VoIP carries voice signals over an IP network. This is fundamentally different from the “old” circuit switched technology where digital voice signals were carried on dedicated channels. IP was designed to carry data. It meant that the file you wanted to download can take it’s own time to download. You wouldn’t be concerned if it downloaded in 20 seconds or 100 seconds as long as it completes in a reasonable time. However, a telephone conversation should be more “real-time”. You expect to hear a “Hello” from the other end immediately after you’ve said Hello, so that you can have a meaningful conversation.
So, what network parameters affect voice quality in VoIP?
Think of this as a pipe that can get you data. The bigger the pipe, the more simultaneous conversations you can have. But how big of a pipe do you need to have one conversation? The answer to this question depends on the codec. When analog voice is digitized, it is sampled 8000 times per second. Each sample is encoded in 8-bits. So, we need to have a bandwidth of 64000 bits per second (or 64 kbps) one way. Now-a-days, available bandwidth is not a concern – as long as all of you at home are not watching your own movies streamed over the internet.
The IP network is expected to be lossy. Packets can be dropped randomly. However, today’s IP network is fairly reliable and losses are minimal. The core networks advertise maximum loss rate of 0 – 0.5%. This is the main contributor to bad voice quality. The codecs are very sensitive to loss. Ideally, there should be zero packet loss.
We saw earlier that there will be 8000 samples of voice taken per second. The Real-time Transport Protocol (RTP) uses 20ms or 30ms packets. So, there is a packet expected every 20ms at the client. Due to the nature of the IP network, the packets may be delayed on the way. This delay varies and is called jitter.
A way to tackle this problem is to have jitter buffers. But, this could be a double edged sword – a big buffer will introduce latency and a very small one can be useless. Usually, it is better to have the jitter buffers on the endpoints and not in the network. This will make sure that no additional delays are introduced while still smoothing out the voice signal played.
This is the time it takes for the packets to travel from source to destination. Physics tells us that the signals do take some finite time to travel. Added to that are all the routers and switches these packets have to travel through. So, a certain amount of time is spent in the network by these packets.
The question is how much latency can be tolerated?
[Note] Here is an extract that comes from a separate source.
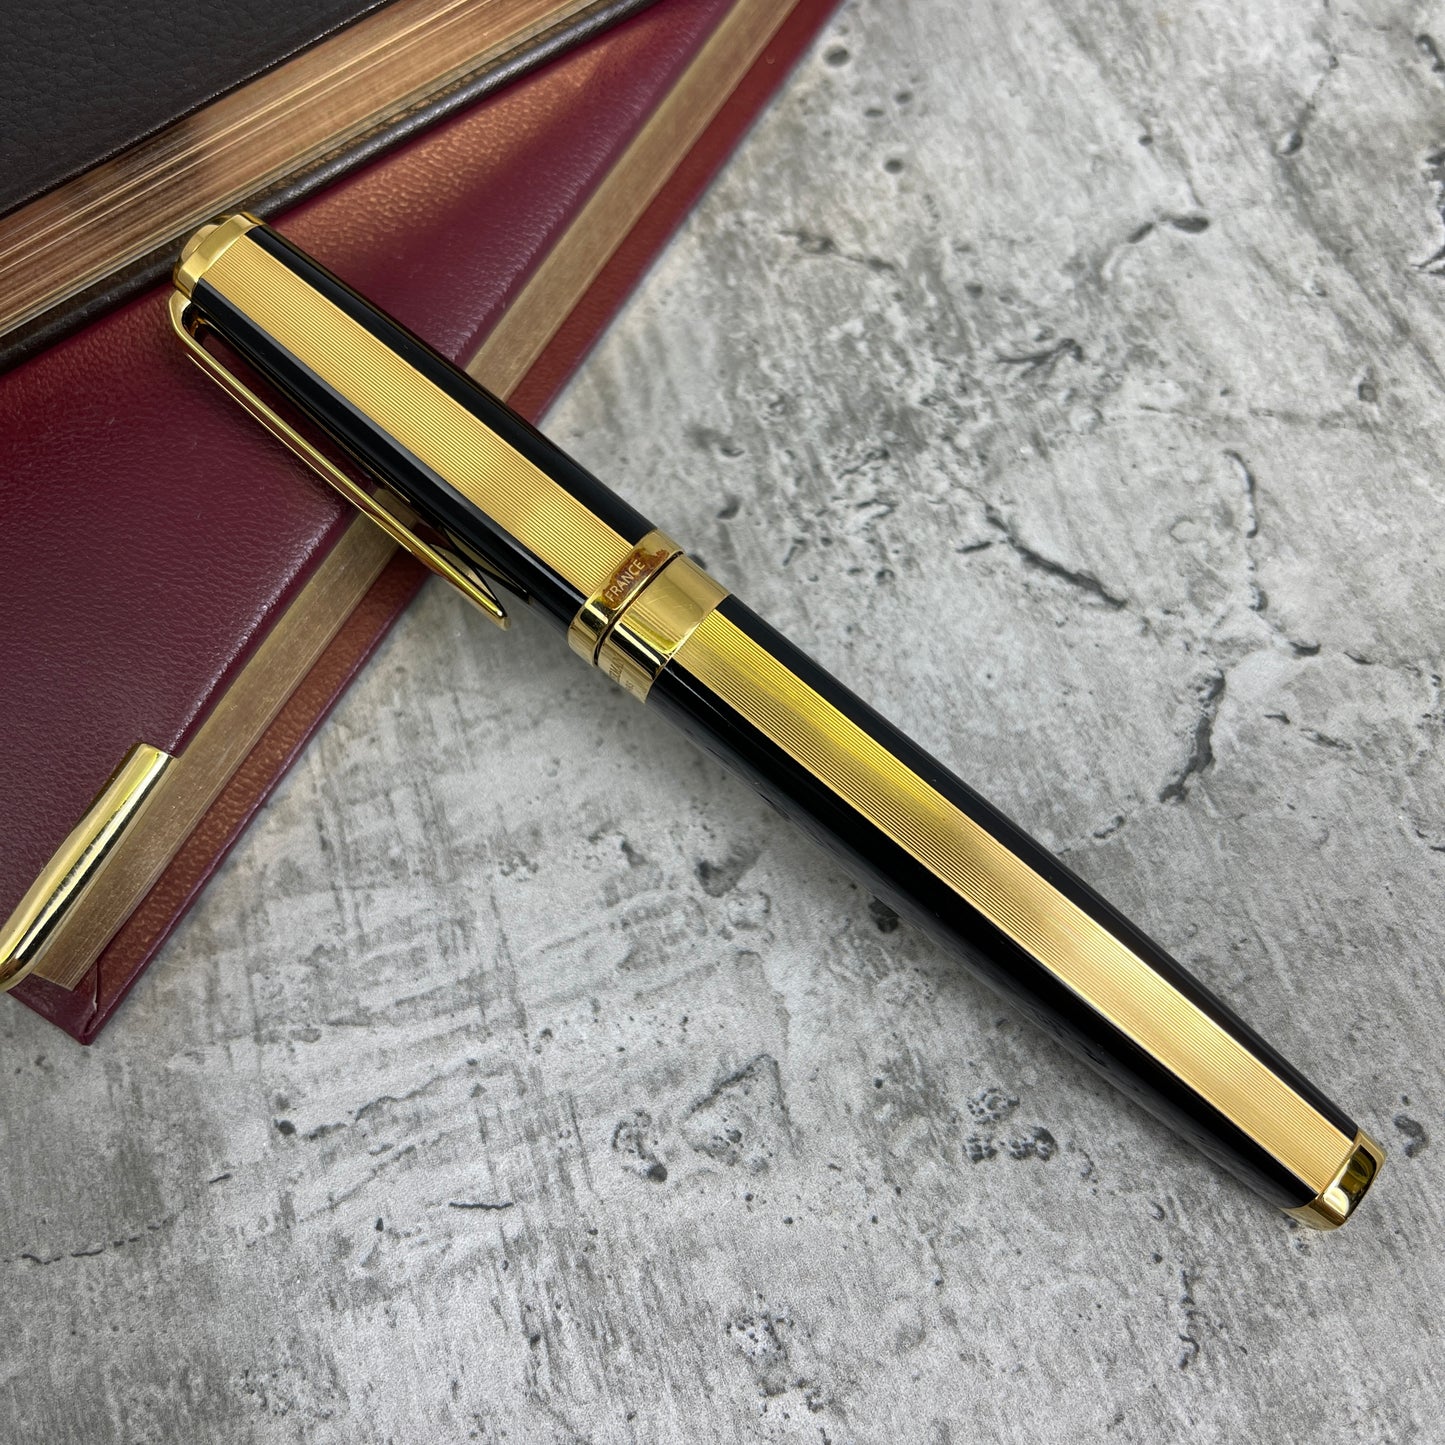 Pre-Owned Waterman Day & Night Rollerball

The answer is: it depends.
Remember that TV correspondent on the field staring into the camera for a seemingly long time of silence before speaking? Assuming there is only latency in the network, the question becomes how long can you wait for a response after you’ve spoken? If the latency is very low, the responses will be immediate. If it is, say 1 second, then you’ll hear a response 2 seconds after you’ve spoken because your voice packet takes 1 second to reach the other side and the response from the other side takes 1 second to reach you.
ITU-T recommends a one-way ear-to-mouth delay of about 150 ms or less for excellent quality voice and 400 ms for acceptable quality.
So, how can we get a rough measure of end-to-end latency? I learnt a trick here at Bandwidth.
Assume you have two mobile phones. The end-to-end delay can be measured like this:
- Use a microphone. Connect it to the laptop.
- Run Audacity application on the laptop.
- Now call Phone B from Phone A
- Answer phone B and put it on speakerphone.
- Start recording on the Audacity application.
- Tap on the table. The sound is captured by the microphone over the air.
- After some delay, it is also heard over the microphone.
- Stop recording.
- Look at the waveform shown on audacity and identify the first tap sound and the second occurrence.
- The time difference represents the end-to-end delay.
This gives you a fairly accurate measure of the delay.
In the figure above, the first noise is the tap on the table caught by the microphone through the air. The second noise is the tap heard from the phone that had the microphone near its’ speaker. As can be seen, the selection started at 10.311s and ended at 10.629s. The difference is the end-to-end delay which is 318ms.
So the next time you hear a distorted voice on your phone, you know what could be the possible causes.